§ **Work item**: An exact copy of all the lines below is required, with every image left out.

§ **Collected data**:
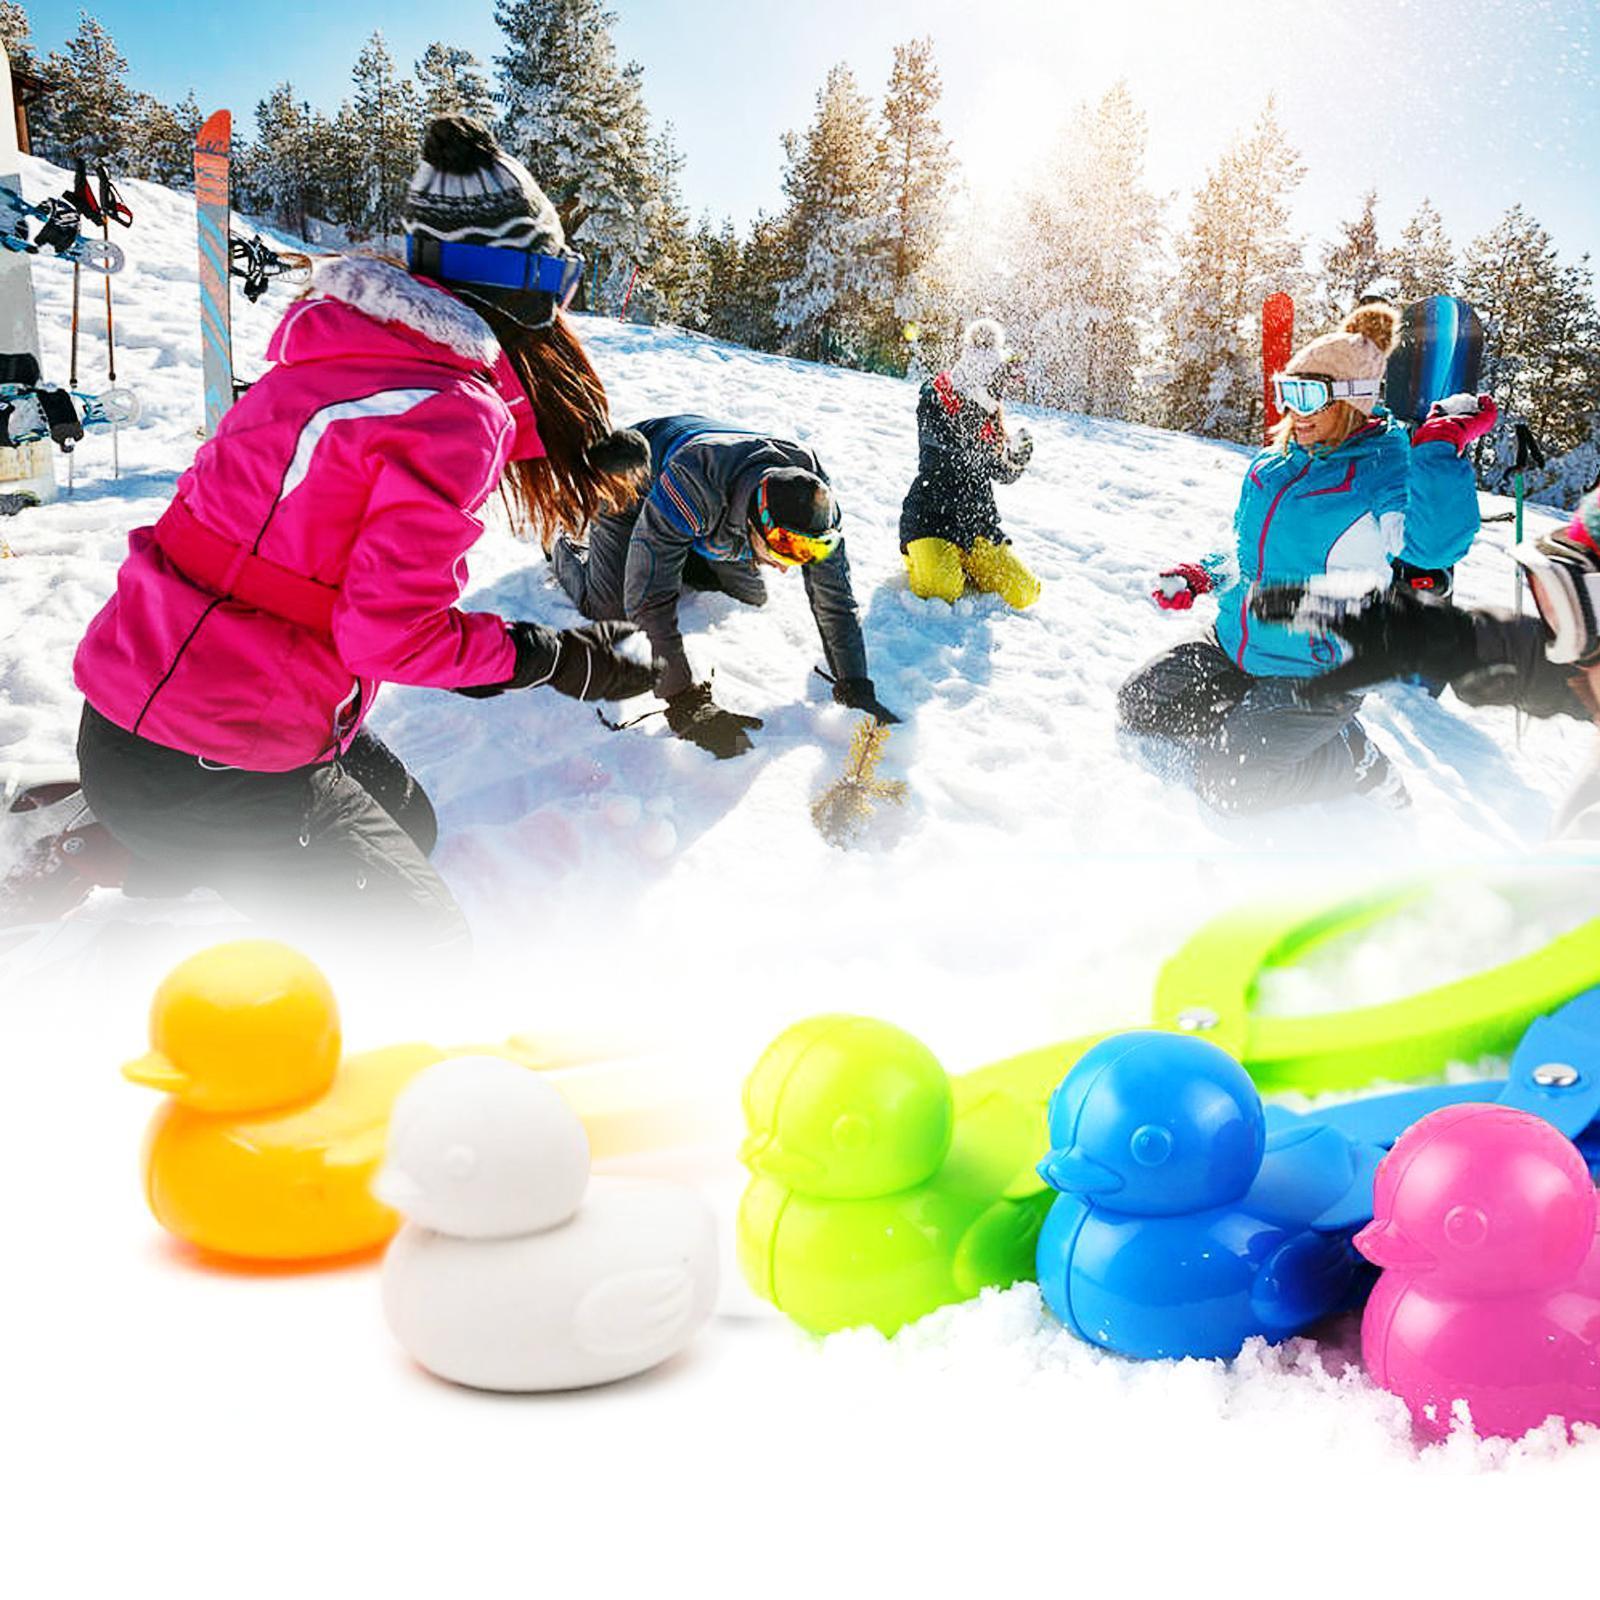 Onceal Katzenform Schneeball Maker Schneeballzange,Kinder Schneeball Maker Schneeball Form Clip Tool Spielzeug f/ür Winter Outdoor-Sportarten
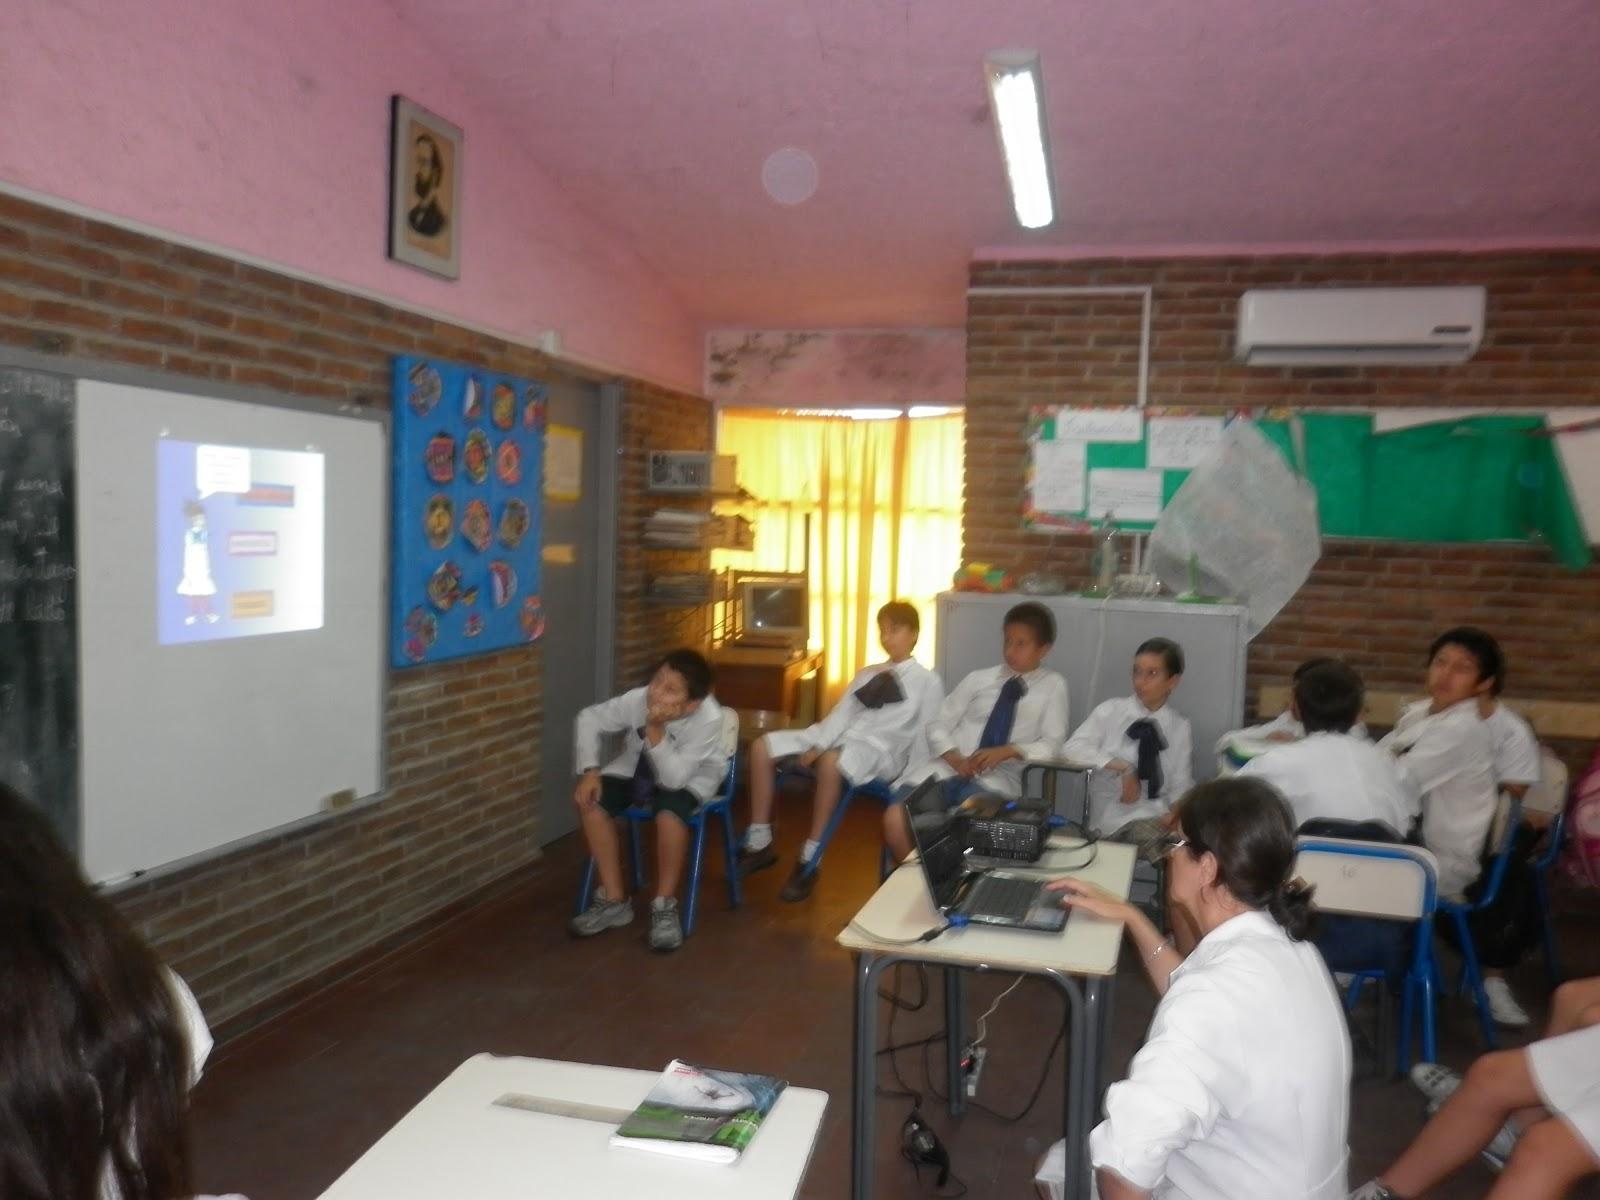 http://1107031.esc.fls.crea.ceibal.edu.uy/sitio/
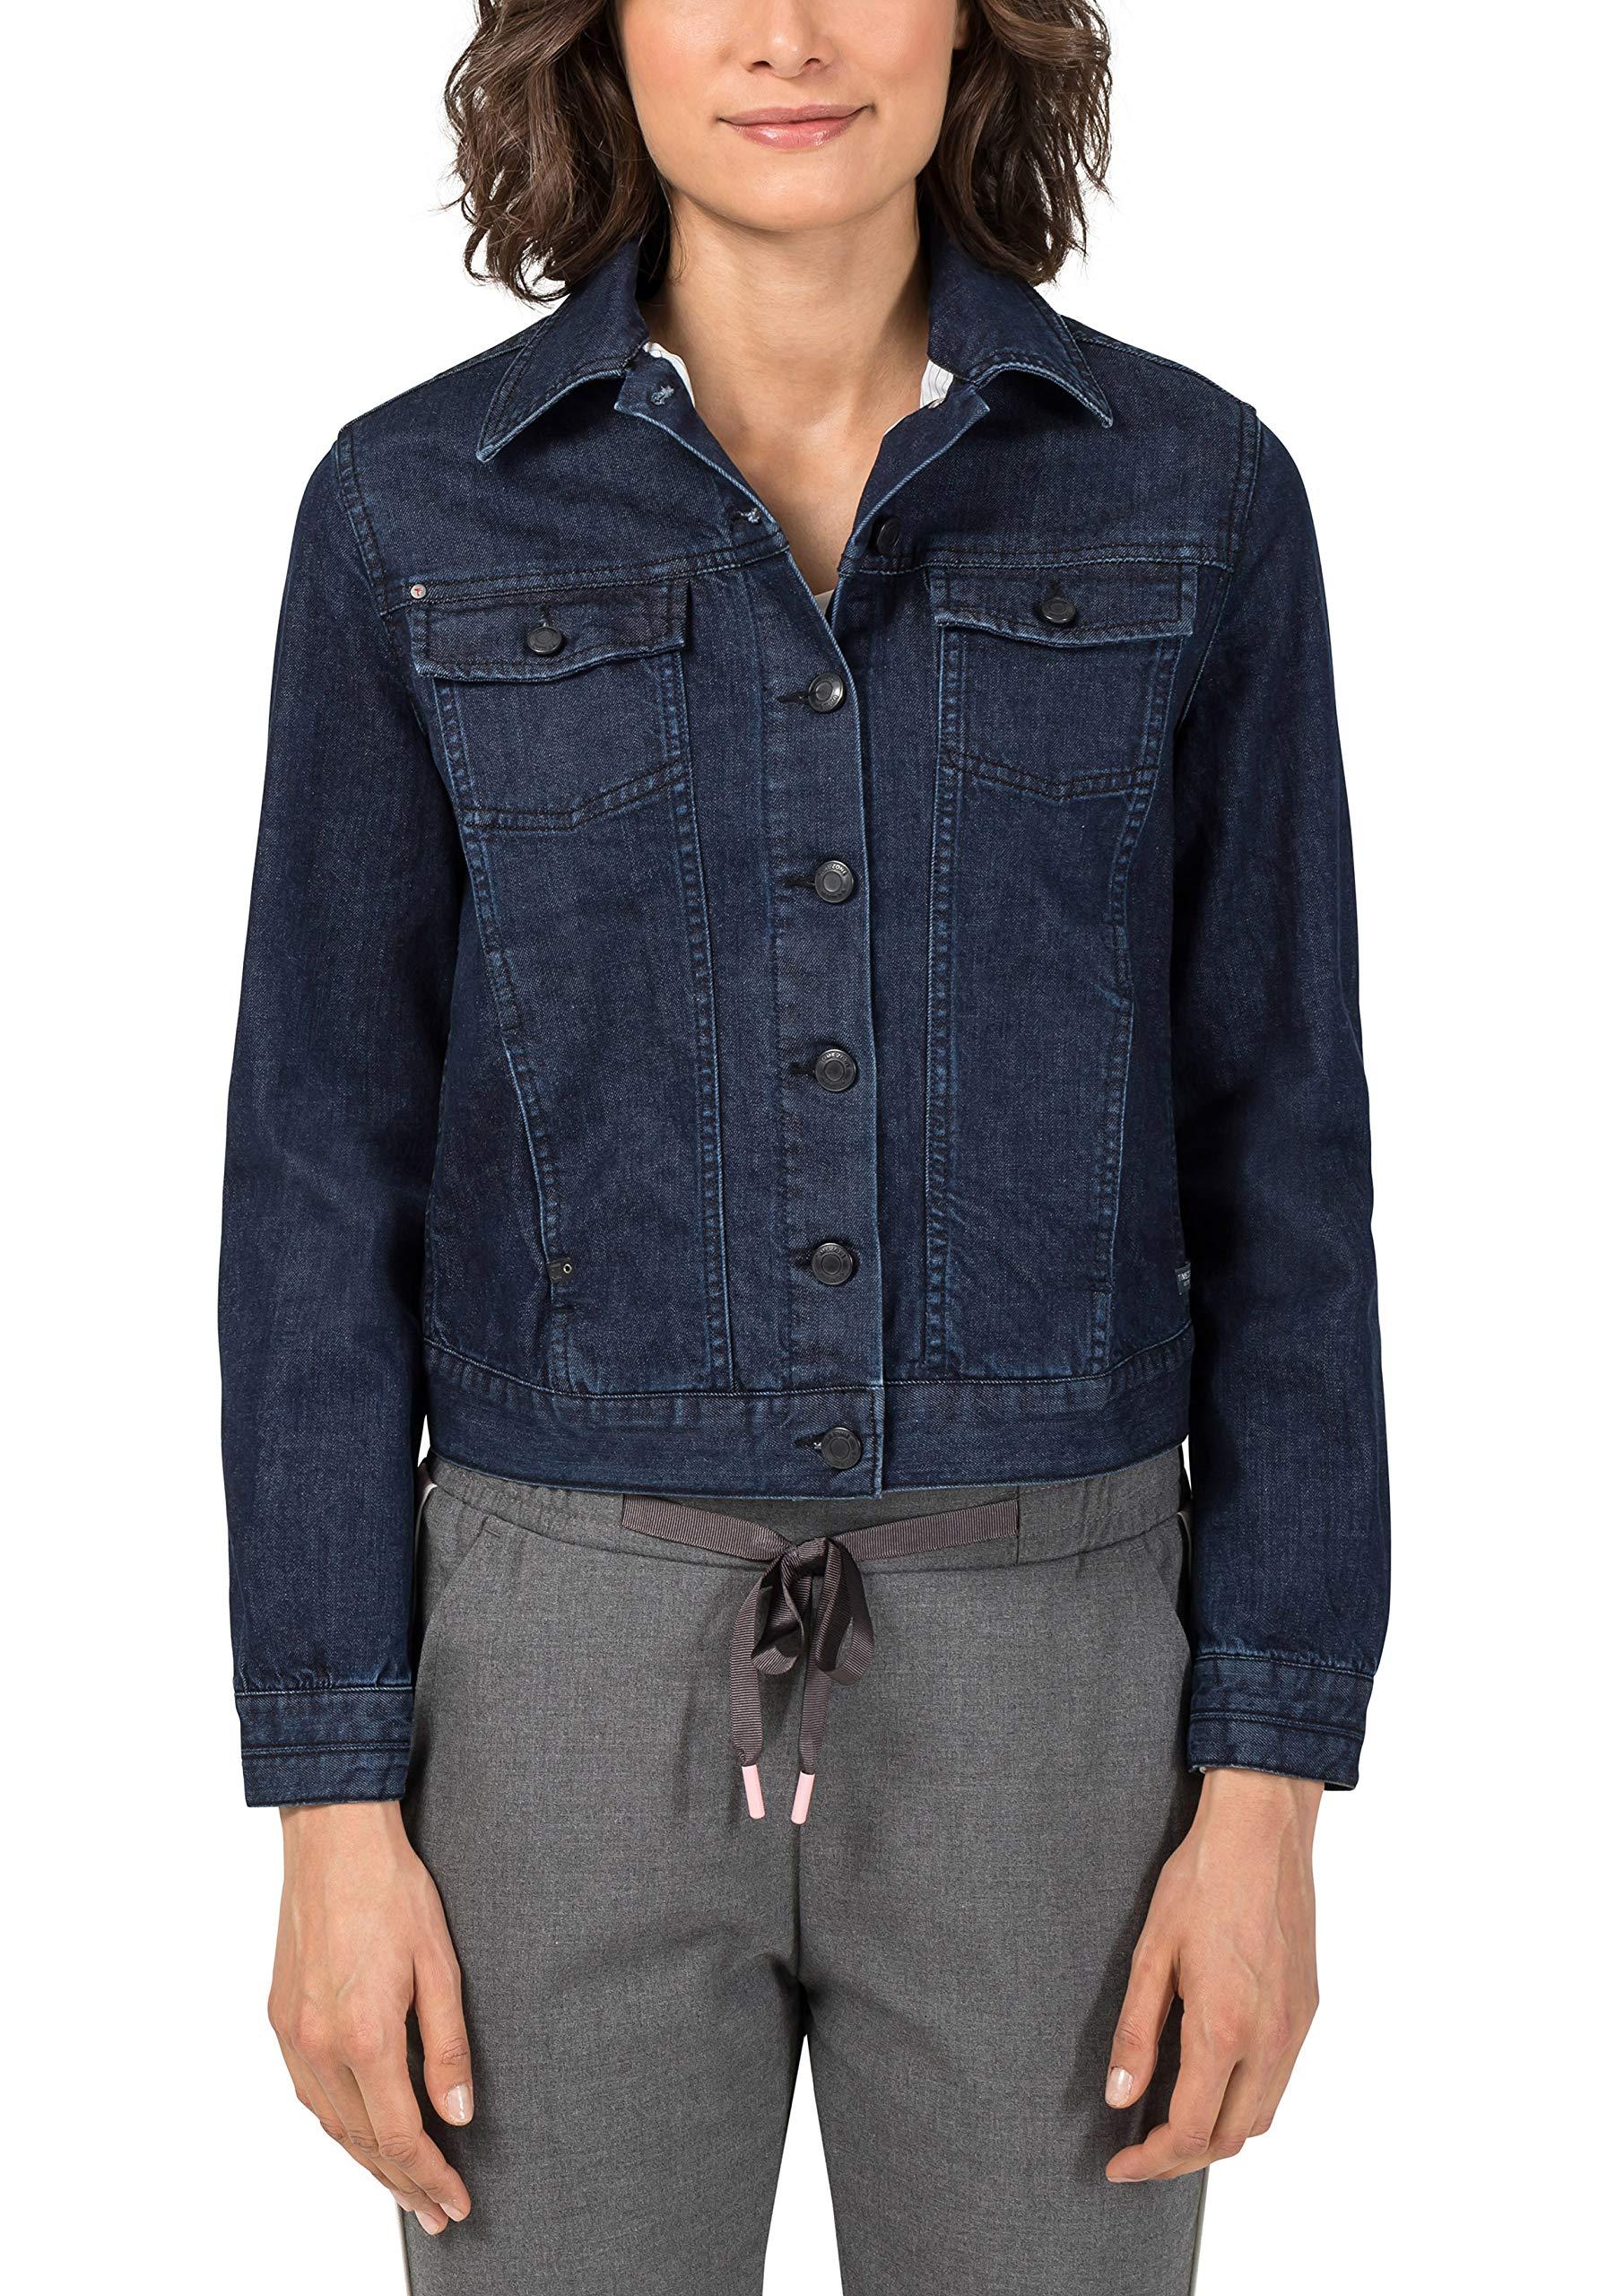 Blue JeanBleunight En Timezone Brushed FabricantX Jacket Wash smallFemme Denim Veste 342534taille KJT3ulF1c

§ **Expected answer**:
 Onceal Katzenform Schneeball Maker Schneeballzange,Kinder Schneeball Maker Schneeball Form Clip Tool Spielzeug f/ür Winter Outdoor-Sportarten
 http://1107031.esc.fls.crea.ceibal.edu.uy/sitio/
 Blue JeanBleunight En Timezone Brushed FabricantX Jacket Wash smallFemme Denim Veste 342534taille KJT3ulF1c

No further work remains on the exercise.